Al mismo tiempo, resulta desconcertante en estos años, de arremetida neoliberal, cuando pretenden despojamos hasta de la memoria, que la mayoría de dirigentes (salvo honradas excepciones) no impulsen alternativas de unidad para hacerle frente a la venta indiscriminada de la patria y al desmantelamiento sistemático de las conquistas sociales.

En esa línea, empresarios y funcionarios públicos nos quieren vender la imagen de que el famoso Tratado de Libre Comercio para las Américas, ALCA, es la solución a todos nuestros problemas.

Lo que pretenden en realidad los empresarios, el mal gobierno y el gobierno gringo es convertimos en un país maquila, adueñarse de los recursos más rentables de la economía nacional; diciéndonos, como si fuésemos un pueblo de papos, que si aceptamos el ALCA, cualquier hondureño(a) podrá vender tortillas en los Estados Unidos y hacerse millonario.

Cabe rescatar el ejemplo de solidaridad y compromiso de las organizaciones del Bloque Popular que han levantado valientemente la voz ante la ofensiva privatizadora y se han manifestado fuertemente contra la neocolonización de nuestra nación que representa el ALCA.

Indudablemente estos esfuerzos son pequeños y los problemas demasiado complejos y graves.
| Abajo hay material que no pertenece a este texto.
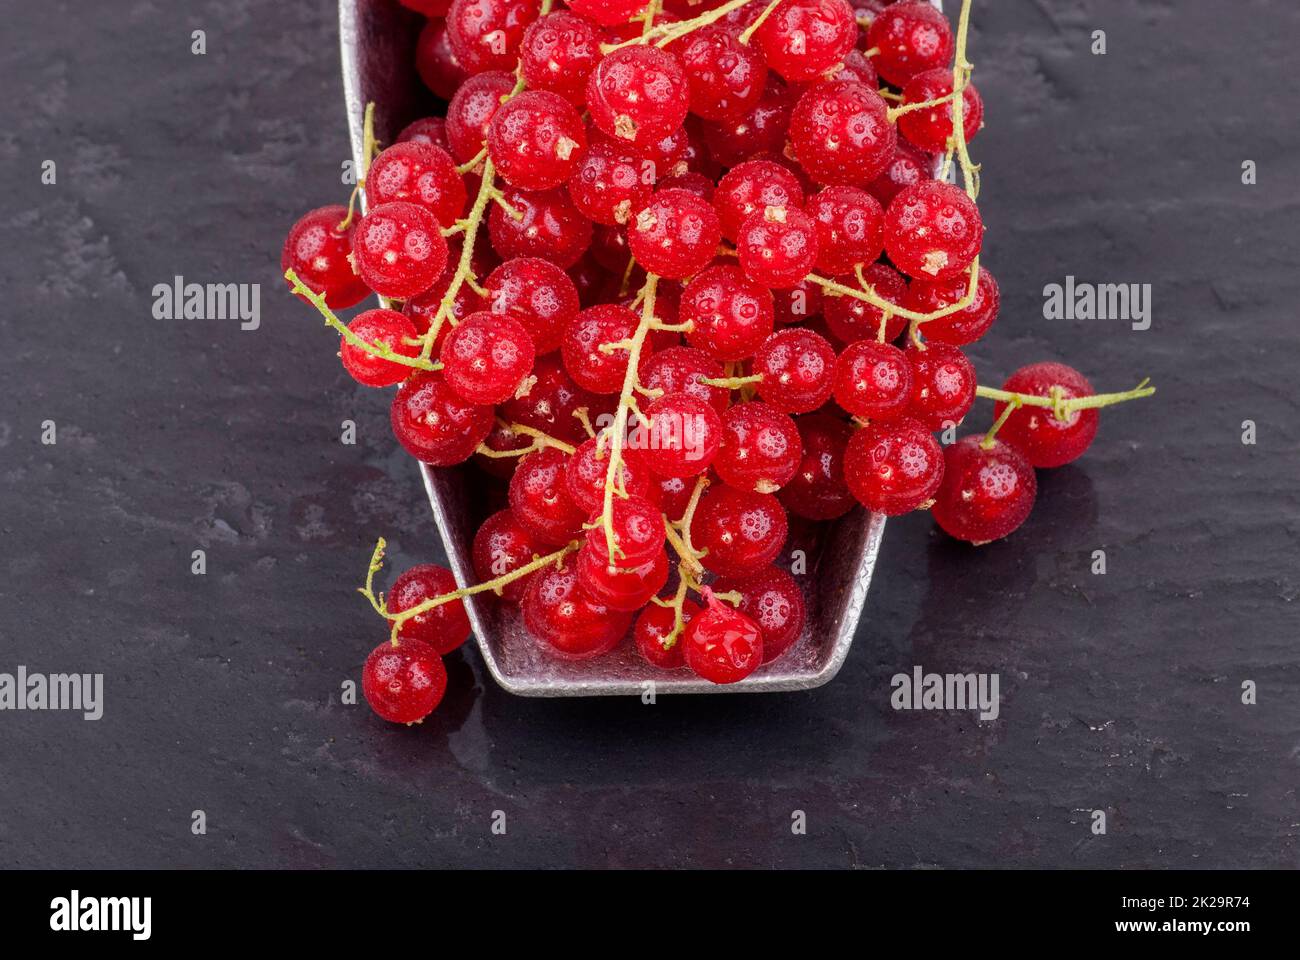 berries in closeup Stock Photo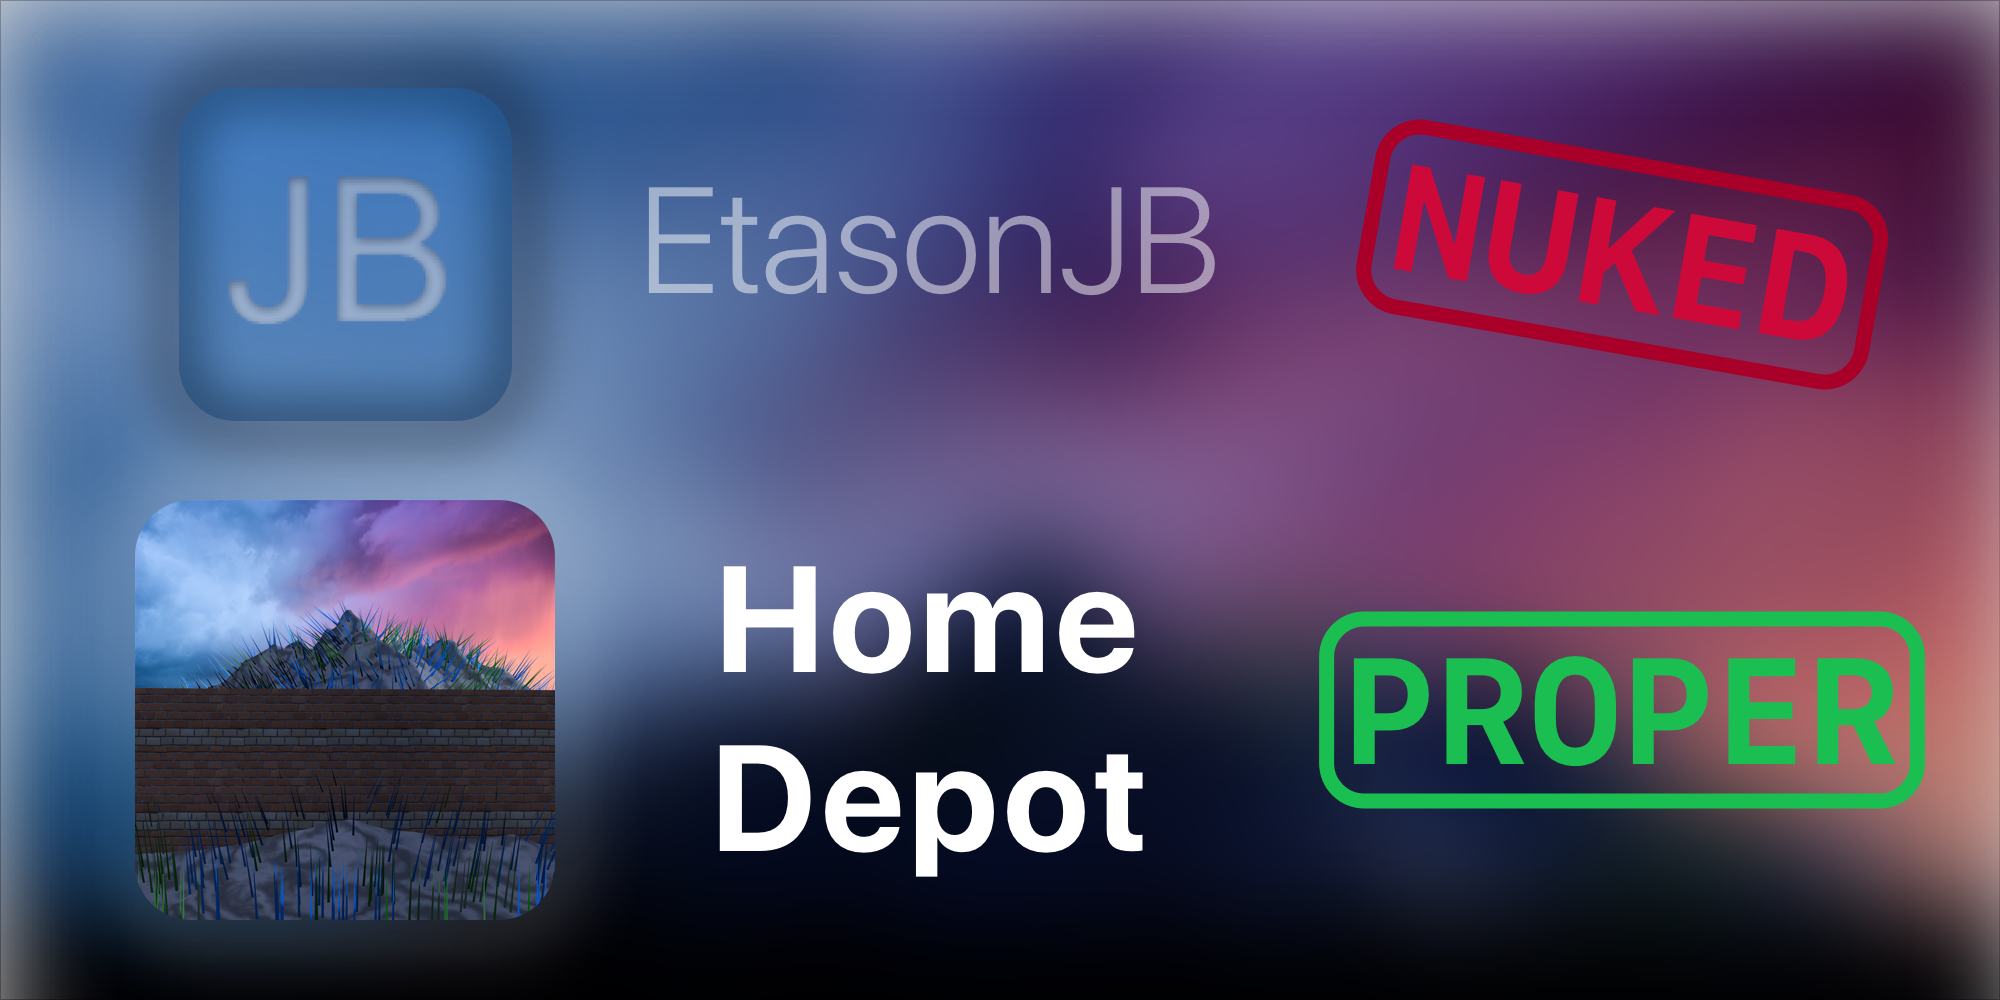 Home Depot iOS 8.4.1 32-bit Mixtape Player

Pero como dice el viejo refrán popular, no hay mal que por bien no venga, y pareciera que la zozobra, la miseria, el hambre y el desempleo nos están dejando solo dos alternativas: la primera es esperar a que el país se hunda en el desastre y el caos, dejando las cosas tal como están y que cada quien salve su pellejo como pueda y la segunda es unirnos los pobres, sacar a los dirigentes corruptos de las organizaciones y unidos gremios, organizaciones sindicales, campesinas y populares propugnemos un país más justo y solidario, donde todo sea para todos y donde por fin seamos dignos de habitar Honduras. Ojalá y elijamos lo segundo.